Work item.
Select the lines of the records containing the word "Cotton" and list them.

Data supplied.
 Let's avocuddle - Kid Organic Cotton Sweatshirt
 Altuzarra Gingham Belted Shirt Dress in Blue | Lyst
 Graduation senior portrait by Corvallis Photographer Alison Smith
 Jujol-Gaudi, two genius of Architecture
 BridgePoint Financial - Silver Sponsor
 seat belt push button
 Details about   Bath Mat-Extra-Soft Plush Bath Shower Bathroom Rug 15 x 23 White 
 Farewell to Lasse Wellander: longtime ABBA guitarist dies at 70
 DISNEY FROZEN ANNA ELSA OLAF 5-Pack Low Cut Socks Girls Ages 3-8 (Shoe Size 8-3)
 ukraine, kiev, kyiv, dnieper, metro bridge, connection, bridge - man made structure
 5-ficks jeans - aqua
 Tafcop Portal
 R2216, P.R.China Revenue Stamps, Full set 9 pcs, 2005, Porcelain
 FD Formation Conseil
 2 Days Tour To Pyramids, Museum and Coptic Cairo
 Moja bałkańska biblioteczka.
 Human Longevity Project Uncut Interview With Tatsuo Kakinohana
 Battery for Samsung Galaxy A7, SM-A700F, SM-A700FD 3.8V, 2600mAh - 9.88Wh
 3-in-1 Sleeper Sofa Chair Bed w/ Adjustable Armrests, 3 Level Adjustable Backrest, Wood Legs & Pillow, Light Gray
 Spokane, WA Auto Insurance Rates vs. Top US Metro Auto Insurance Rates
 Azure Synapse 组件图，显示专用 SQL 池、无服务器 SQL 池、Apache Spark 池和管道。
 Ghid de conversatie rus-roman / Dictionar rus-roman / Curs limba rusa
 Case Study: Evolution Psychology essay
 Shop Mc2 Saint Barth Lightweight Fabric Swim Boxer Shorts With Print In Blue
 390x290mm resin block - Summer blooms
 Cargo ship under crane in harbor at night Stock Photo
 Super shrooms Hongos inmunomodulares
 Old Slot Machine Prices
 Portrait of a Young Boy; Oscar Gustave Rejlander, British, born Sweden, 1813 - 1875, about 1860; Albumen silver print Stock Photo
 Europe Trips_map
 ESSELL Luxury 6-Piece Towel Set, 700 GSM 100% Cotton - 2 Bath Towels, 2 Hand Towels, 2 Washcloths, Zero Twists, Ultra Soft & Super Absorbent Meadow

Result.
 Let's avocuddle - Kid Organic Cotton Sweatshirt
 ESSELL Luxury 6-Piece Towel Set, 700 GSM 100% Cotton - 2 Bath Towels, 2 Hand Towels, 2 Washcloths, Zero Twists, Ultra Soft & Super Absorbent Meadow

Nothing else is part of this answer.